-------- Entries shown

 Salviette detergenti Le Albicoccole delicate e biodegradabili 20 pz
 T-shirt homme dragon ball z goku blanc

----------------
-------- Entries shown

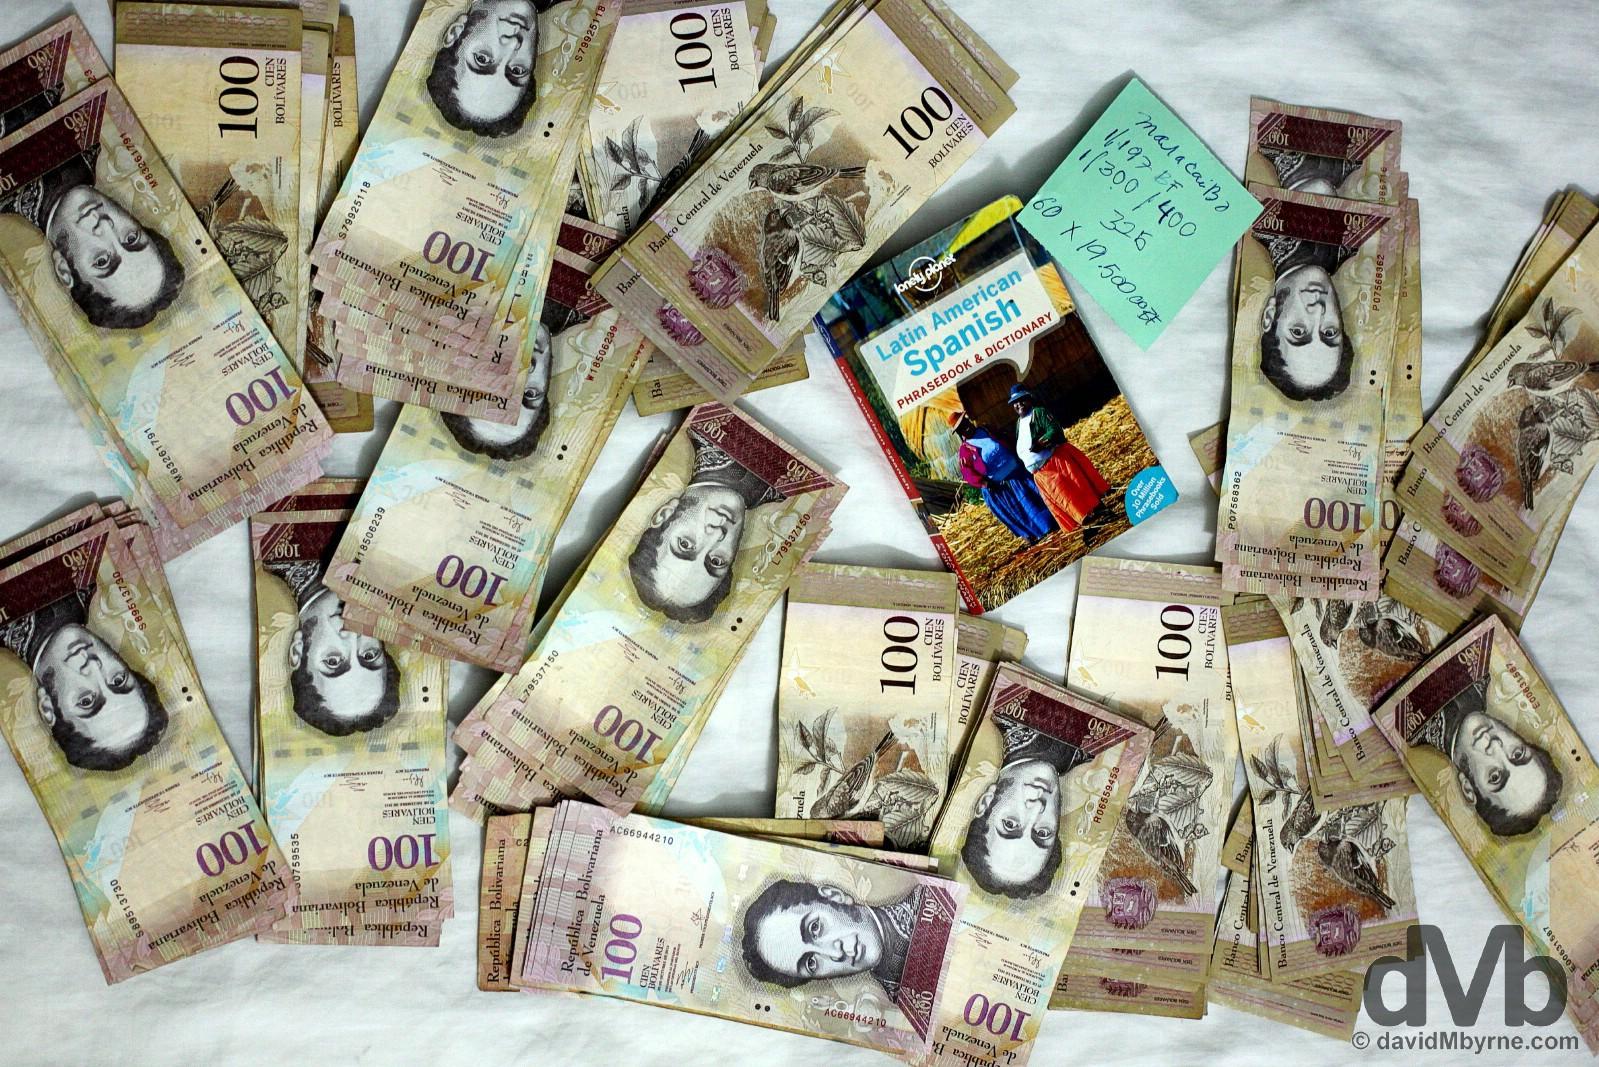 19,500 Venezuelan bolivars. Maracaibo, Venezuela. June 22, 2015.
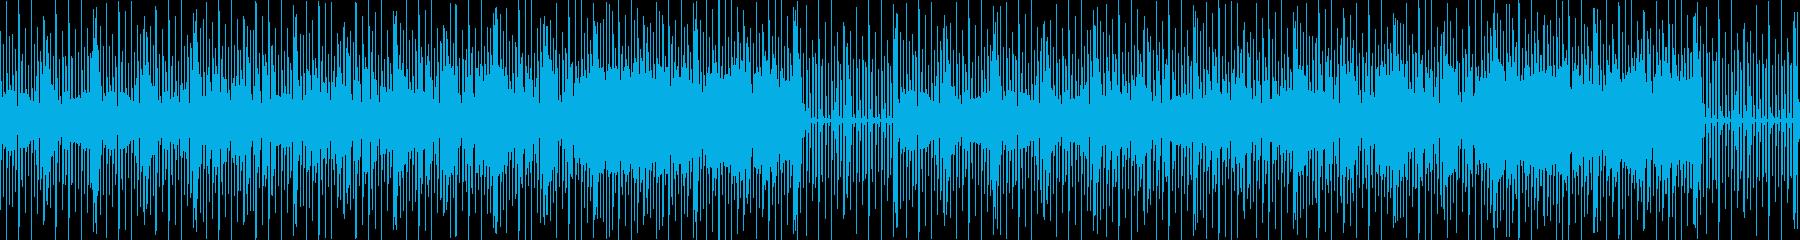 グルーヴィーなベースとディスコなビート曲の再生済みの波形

----------------
-------- Entries shown

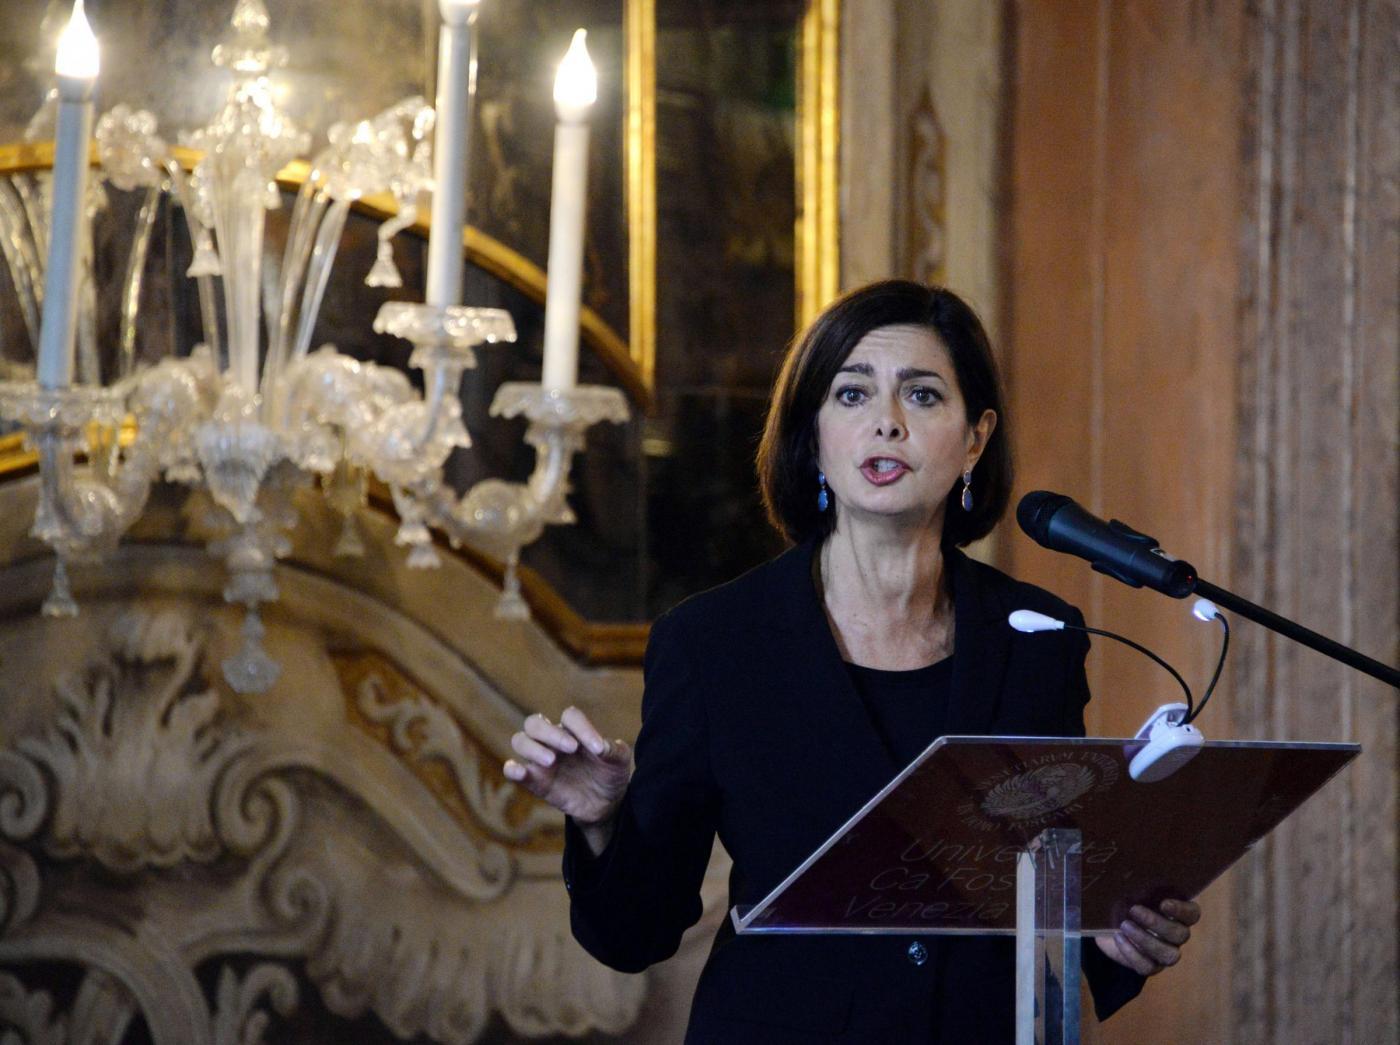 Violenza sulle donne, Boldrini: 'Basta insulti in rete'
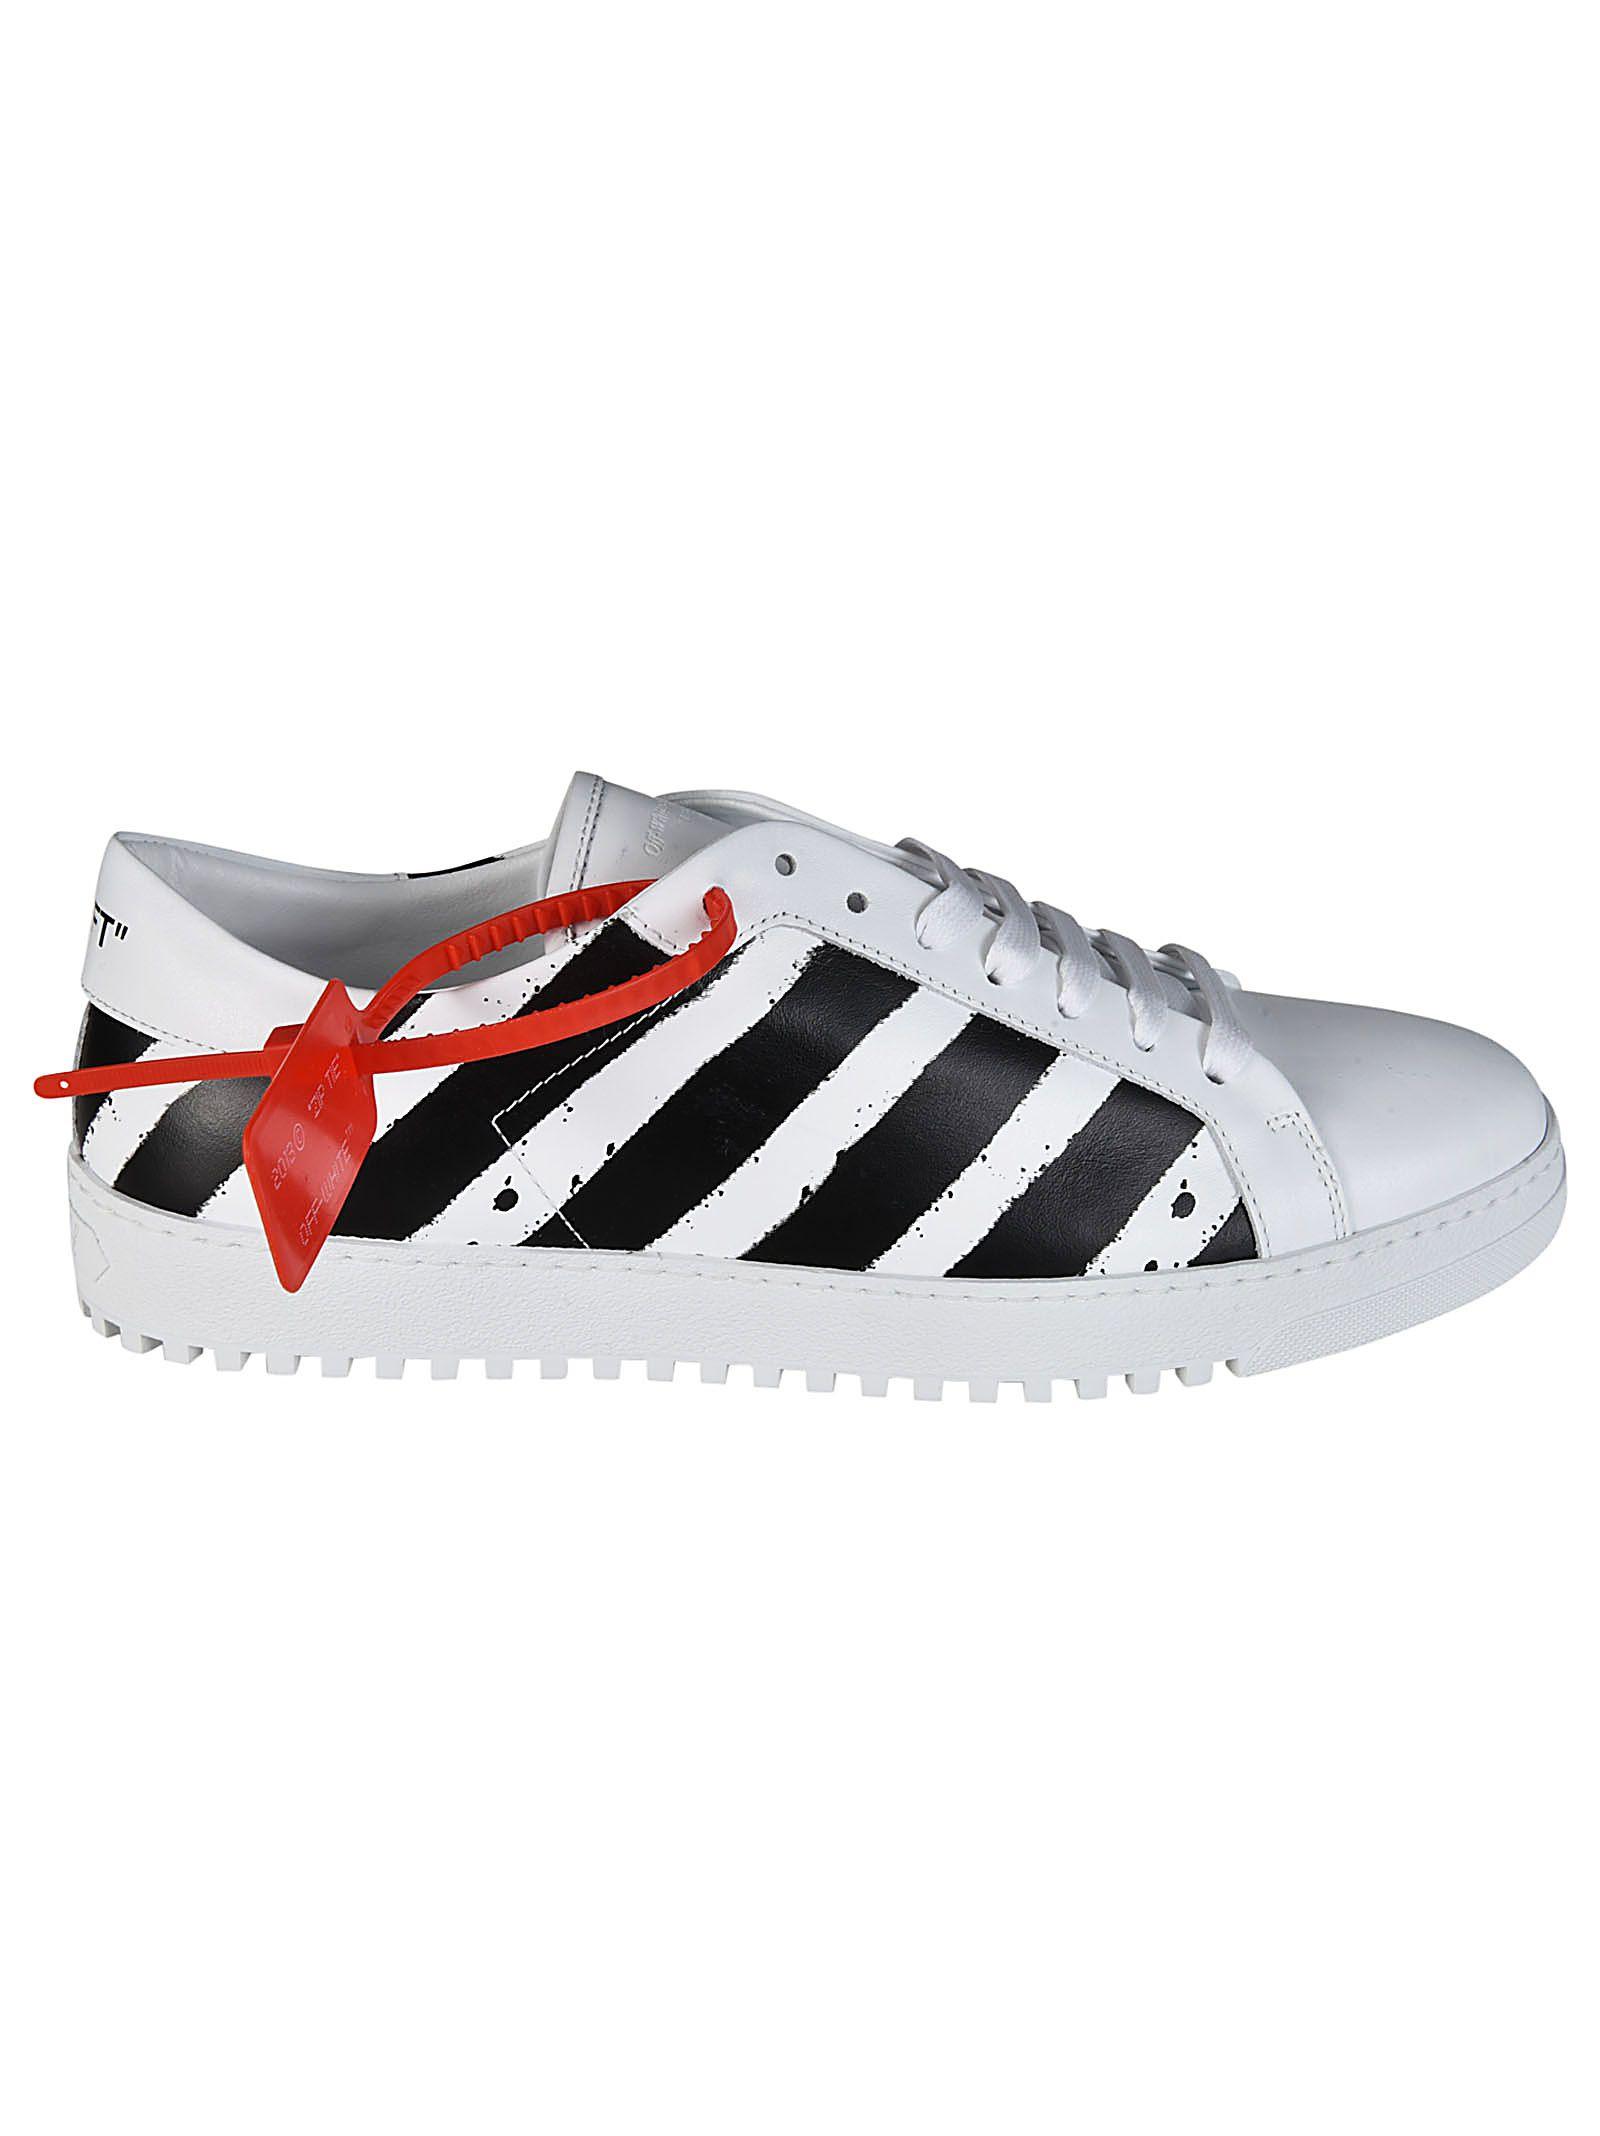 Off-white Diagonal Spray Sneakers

----------------

(Task to carry out) Repeat, word for word, the lines of the material above from the one holding "19,500 Venezuelan bolivars." through the one holding "グルーヴィーなベースとディスコなビート曲の再生済みの波形". Leave out pictures.

(Expected output)
 19,500 Venezuelan bolivars. Maracaibo, Venezuela. June 22, 2015.
 グルーヴィーなベースとディスコなビート曲の再生済みの波形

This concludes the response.